═══ RECORD EXCERPTS ═══

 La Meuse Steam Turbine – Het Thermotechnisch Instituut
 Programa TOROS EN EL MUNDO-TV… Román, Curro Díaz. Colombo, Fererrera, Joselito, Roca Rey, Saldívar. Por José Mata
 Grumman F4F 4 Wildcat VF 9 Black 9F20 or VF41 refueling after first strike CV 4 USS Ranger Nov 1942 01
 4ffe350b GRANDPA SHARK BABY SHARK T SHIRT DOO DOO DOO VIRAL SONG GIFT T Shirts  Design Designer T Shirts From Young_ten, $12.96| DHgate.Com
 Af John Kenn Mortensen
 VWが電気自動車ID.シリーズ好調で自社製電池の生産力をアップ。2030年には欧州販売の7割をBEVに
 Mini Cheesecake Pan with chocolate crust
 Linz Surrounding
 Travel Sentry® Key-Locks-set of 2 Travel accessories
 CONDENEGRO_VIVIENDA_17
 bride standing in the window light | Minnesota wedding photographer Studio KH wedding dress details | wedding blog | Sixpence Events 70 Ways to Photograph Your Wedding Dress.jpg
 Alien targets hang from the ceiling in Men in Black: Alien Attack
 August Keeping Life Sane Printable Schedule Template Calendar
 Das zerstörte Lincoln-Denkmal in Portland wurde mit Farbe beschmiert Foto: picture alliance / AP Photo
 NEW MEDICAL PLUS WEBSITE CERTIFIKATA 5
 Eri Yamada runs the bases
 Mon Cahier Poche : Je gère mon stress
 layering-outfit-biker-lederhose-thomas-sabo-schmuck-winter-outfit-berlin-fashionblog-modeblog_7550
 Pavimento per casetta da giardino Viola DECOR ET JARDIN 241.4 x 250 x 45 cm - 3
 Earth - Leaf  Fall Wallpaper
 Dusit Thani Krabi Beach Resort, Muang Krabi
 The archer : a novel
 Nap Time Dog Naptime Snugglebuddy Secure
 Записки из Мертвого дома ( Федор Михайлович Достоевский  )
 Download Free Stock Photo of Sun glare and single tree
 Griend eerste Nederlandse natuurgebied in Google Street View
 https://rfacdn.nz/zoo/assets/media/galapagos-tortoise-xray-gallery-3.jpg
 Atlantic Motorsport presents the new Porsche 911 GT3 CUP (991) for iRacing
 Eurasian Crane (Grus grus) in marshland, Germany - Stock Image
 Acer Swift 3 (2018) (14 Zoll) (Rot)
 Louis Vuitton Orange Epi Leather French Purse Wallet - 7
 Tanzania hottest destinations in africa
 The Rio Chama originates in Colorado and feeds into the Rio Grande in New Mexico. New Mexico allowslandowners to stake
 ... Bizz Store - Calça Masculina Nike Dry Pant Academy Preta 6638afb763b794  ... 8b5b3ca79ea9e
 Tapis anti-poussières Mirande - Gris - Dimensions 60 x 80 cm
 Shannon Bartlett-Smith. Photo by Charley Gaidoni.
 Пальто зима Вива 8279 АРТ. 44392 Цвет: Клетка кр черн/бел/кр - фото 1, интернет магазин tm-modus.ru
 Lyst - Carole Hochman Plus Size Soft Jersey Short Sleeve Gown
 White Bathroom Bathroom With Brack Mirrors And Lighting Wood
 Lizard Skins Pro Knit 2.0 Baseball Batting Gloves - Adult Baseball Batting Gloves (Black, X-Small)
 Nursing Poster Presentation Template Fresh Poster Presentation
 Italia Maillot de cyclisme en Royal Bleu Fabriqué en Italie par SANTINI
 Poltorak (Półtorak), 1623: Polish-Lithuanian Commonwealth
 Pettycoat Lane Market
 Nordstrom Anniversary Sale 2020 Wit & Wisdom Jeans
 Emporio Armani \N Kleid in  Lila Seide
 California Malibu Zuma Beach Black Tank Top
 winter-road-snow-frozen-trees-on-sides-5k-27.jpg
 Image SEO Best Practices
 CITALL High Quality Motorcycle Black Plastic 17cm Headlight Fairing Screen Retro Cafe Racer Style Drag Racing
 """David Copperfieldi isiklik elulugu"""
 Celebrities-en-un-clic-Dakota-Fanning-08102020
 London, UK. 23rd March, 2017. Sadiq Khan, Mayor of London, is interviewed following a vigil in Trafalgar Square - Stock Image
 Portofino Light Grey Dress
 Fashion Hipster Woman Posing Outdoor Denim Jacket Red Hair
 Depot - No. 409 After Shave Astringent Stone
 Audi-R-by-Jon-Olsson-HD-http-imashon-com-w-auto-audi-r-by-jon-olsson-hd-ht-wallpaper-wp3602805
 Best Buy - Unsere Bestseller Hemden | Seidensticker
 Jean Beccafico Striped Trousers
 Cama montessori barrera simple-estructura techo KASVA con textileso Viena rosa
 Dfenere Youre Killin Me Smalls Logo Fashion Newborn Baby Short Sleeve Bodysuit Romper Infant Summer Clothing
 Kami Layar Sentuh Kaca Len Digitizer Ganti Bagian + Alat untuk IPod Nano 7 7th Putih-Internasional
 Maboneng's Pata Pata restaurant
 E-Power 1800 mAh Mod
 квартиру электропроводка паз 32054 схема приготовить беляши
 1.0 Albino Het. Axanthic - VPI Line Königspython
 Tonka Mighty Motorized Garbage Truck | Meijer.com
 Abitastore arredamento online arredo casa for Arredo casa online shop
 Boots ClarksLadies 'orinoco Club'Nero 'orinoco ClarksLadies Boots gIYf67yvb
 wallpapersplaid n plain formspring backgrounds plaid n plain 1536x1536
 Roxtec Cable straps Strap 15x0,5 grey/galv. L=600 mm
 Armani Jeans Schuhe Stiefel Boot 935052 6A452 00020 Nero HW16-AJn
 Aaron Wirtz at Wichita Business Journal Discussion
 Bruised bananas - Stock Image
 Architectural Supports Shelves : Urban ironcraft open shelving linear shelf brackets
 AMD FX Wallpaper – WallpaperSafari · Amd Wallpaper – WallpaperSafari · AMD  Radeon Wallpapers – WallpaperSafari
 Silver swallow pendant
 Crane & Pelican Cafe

═══

Using the records above, copy word for word the line with "The archer : a novel", the line with "Tanzania hottest destinations in africa", and every line between them.

> **ANSWER SECTION**:
 The archer : a novel
 Nap Time Dog Naptime Snugglebuddy Secure
 Записки из Мертвого дома ( Федор Михайлович Достоевский  )
 Download Free Stock Photo of Sun glare and single tree
 Griend eerste Nederlandse natuurgebied in Google Street View
 https://rfacdn.nz/zoo/assets/media/galapagos-tortoise-xray-gallery-3.jpg
 Atlantic Motorsport presents the new Porsche 911 GT3 CUP (991) for iRacing
 Eurasian Crane (Grus grus) in marshland, Germany - Stock Image
 Acer Swift 3 (2018) (14 Zoll) (Rot)
 Louis Vuitton Orange Epi Leather French Purse Wallet - 7
 Tanzania hottest destinations in africa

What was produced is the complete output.